Curiously, it was the closing by the CIA of the Polish prison in 2003 that led to the opening of the Romanian facility. AP reports that “in 2010, the BBC published a story claiming that while confined in the CIA black site in Poland, Khalid Sheikh Mohammed was water boarded in an effort to extract intelligence information from the alleged terrorist.”
Later that year, Warsaw reportedly petitioned the American government for help in investigating the purported prison. The request was denied.

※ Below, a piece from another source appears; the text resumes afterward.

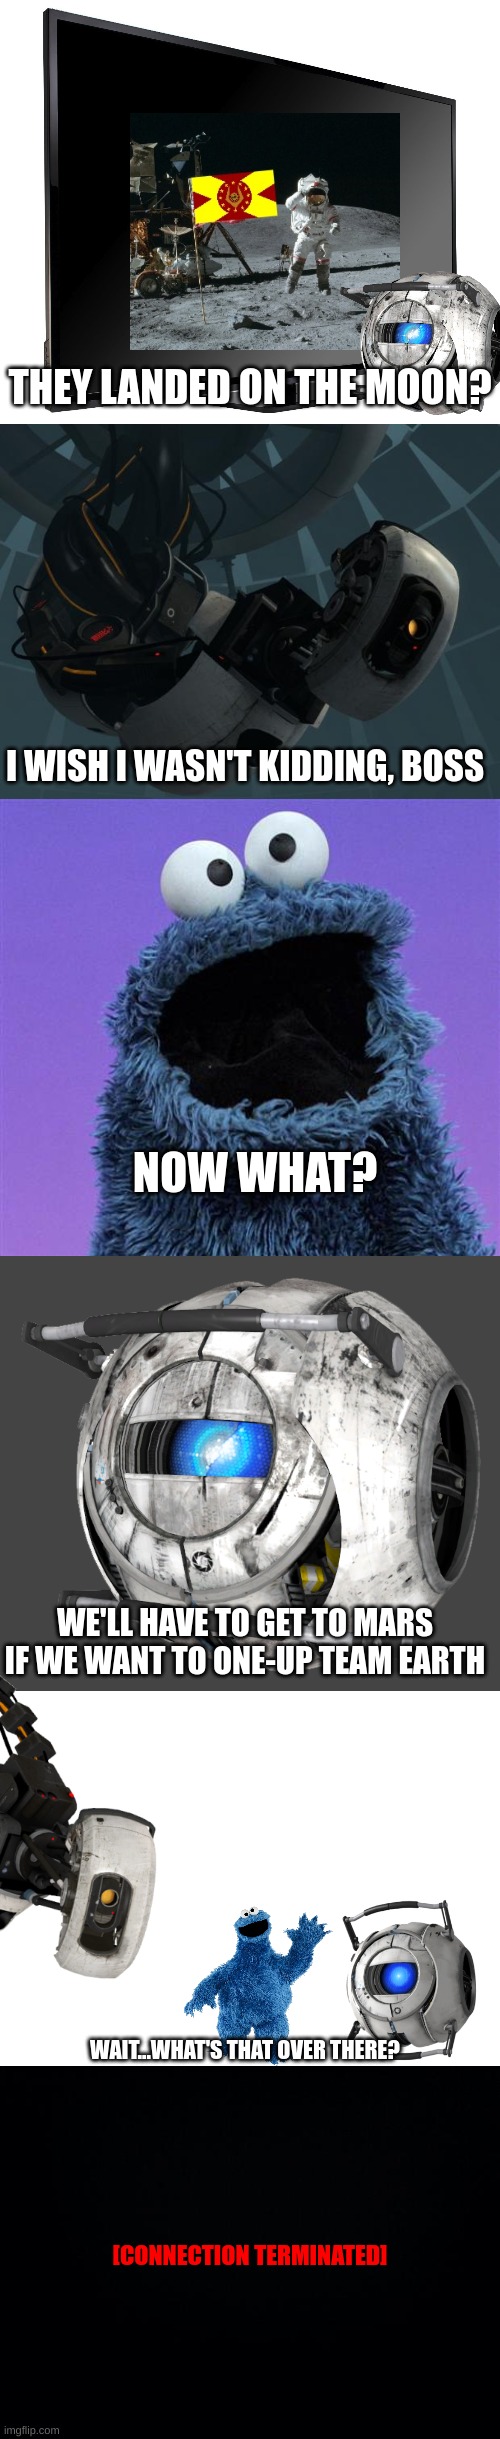 leaked_footage_of_wheatley_base.mp4 | THEY LANDED ON THE MOON? I WISH I WASN'T KIDDING, BOSS; NOW WHAT? WE'LL HAVE TO GET TO MARS IF WE WANT TO ONE-UP TEAM EARTH; WAIT...WHAT'S THAT OVER THERE? [CONNECTION TERMINATED] | image tagged in television tv,glados,cookie monster,wheatley,blank white template,black background | made w/ Imgflip meme maker

Mark Mazzetti of the New York Times reported in March 2014, “The Central Intelligence Agency’s attempt to keep secret the details of a defunct detention and interrogation program has escalated a battle between the agency and members of Congress and led to an investigation by the C.I.A.’s internal watchdog into the conduct of agency employees.”
The New American added to the story, reporting on Senator Mark Udall’s letter to President Obama charging the CIA with spying on the Senate committee:
Among the CIA’s actions against the American Republic, Udall implies that the CIA had been “posing impediments and obstacles” to the oversight responsibilities of the Senate Select Committee on Intelligence, particularly regarding the CIA’s secret torture prisons used primarily during the Bush era.
Given Thursday’s uncompromising condemnation of Poland, it is likely that the ECHR will soon hand down several similar rulings.
As for Poland’s response to the decision, The Guardian quotes a Polish presidential spokeswoman, Joanna Trzaska-Wieczorek, saying: “The ruling of the tribunal in Strasbourg on CIA jails is embarrassing for Poland and is a burden both in terms of our country’s finances as well as its image.”
The tribunal’s ruling is an embarrassment for the United States, as well, and for our commitment to core constitutional principles of liberty and due process.